Community, Governance, and Getting Involved

• David and Justin stress their commitment to MCP being an open, community-driven project, not just "Anthropic's protocol." They highlight existing contributions and commit access granted to external individuals and companies (Pydantic, Microsoft, JetBrains, Spring AI).
• Getting involved primarily happens via the GitHub specification repository discussions. However, they emphasize a meritocratic approach: contributions involving actual code, practical examples, and SDK work carry more weight than opinions alone, given the high volume of discussion. "If you have done work... you have a good chance that it gets in. If you're just there to have an opinion... you're very likely just being ignored..."
• Regarding formal governance (like moving to a foundation), they express caution. While openness is paramount, they worry that premature formalization and associated processes could slow down development in the fast-moving AI field, preferring a balance between broad participation and agile iteration for now. Alessio draws parallels to React working groups and GraphQL's move to a foundation.

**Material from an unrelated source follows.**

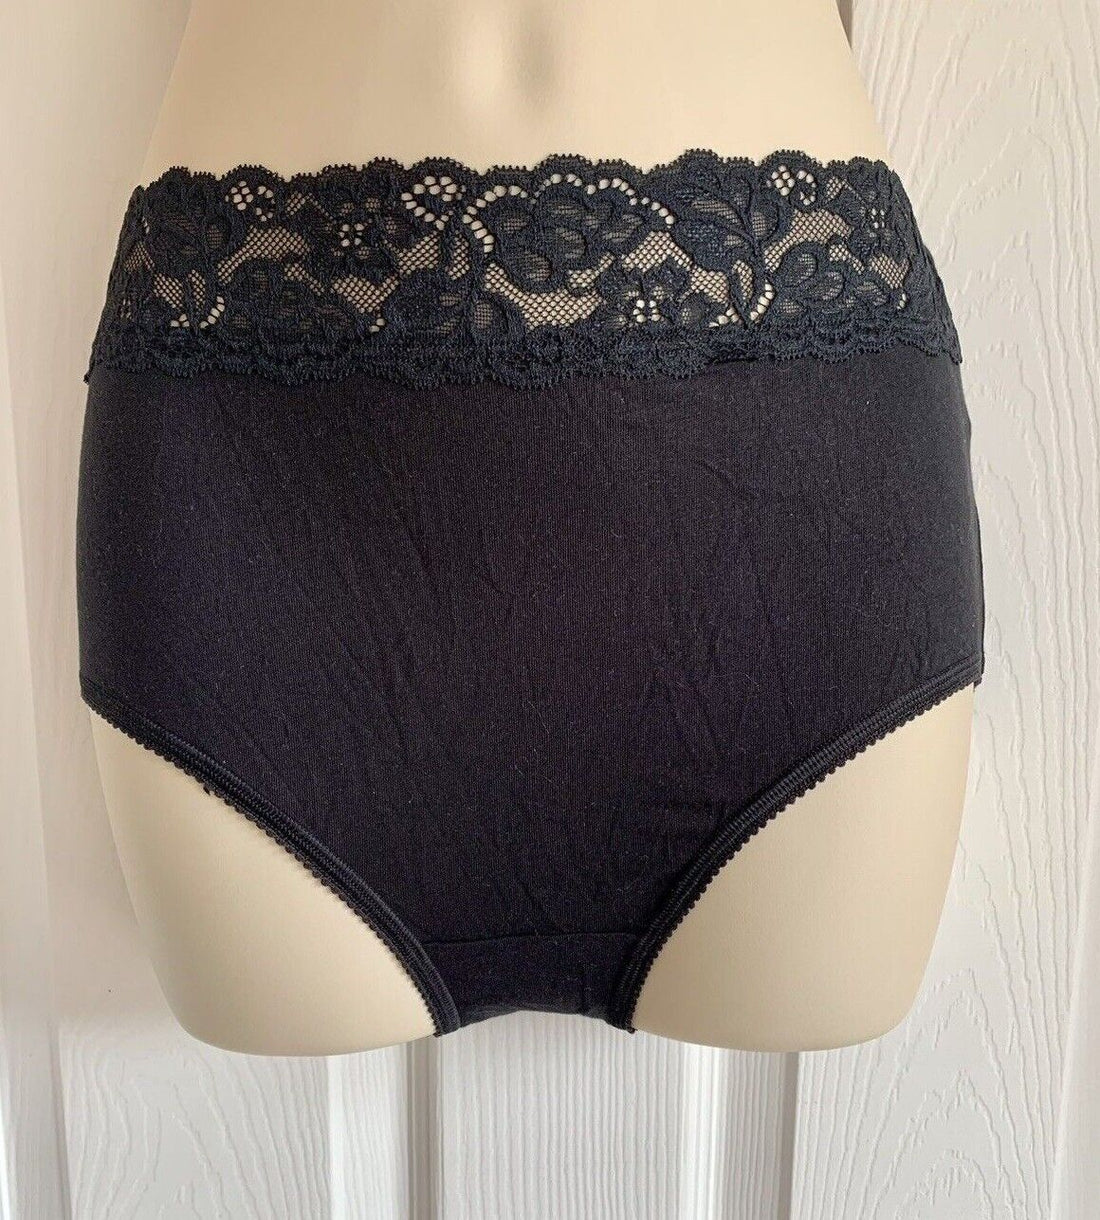 New Ex M&S Wild Bloom Lace High Rise Full Briefs Pink Almond Black White  Blue

Wishlist: What's Next for the Ecosystem?

• David's top wish: More clients implementing sampling (allowing servers to request model completions from the client) and servers leveraging it for richer, model-independent experiences (like his desired EVE Online or Reddit summarizer).
• Justin echoes the need for broader client support across all primitives. Personally, he'd love MCP integrations for game development engines like Godot, enabling AI-assisted game creation or playtesting ("Claude plays Pokemon.")

Conclusion

MCP aims to standardize AI interactions beyond basic APIs, emphasizing richer primitives and composability crucial for next-generation applications. Investors and researchers should track its ecosystem growth, client adoption of advanced features (like resources and sampling), and evolving security/governance models to anticipate shifts in AI architecture and identify opportunities in interoperable AI systems.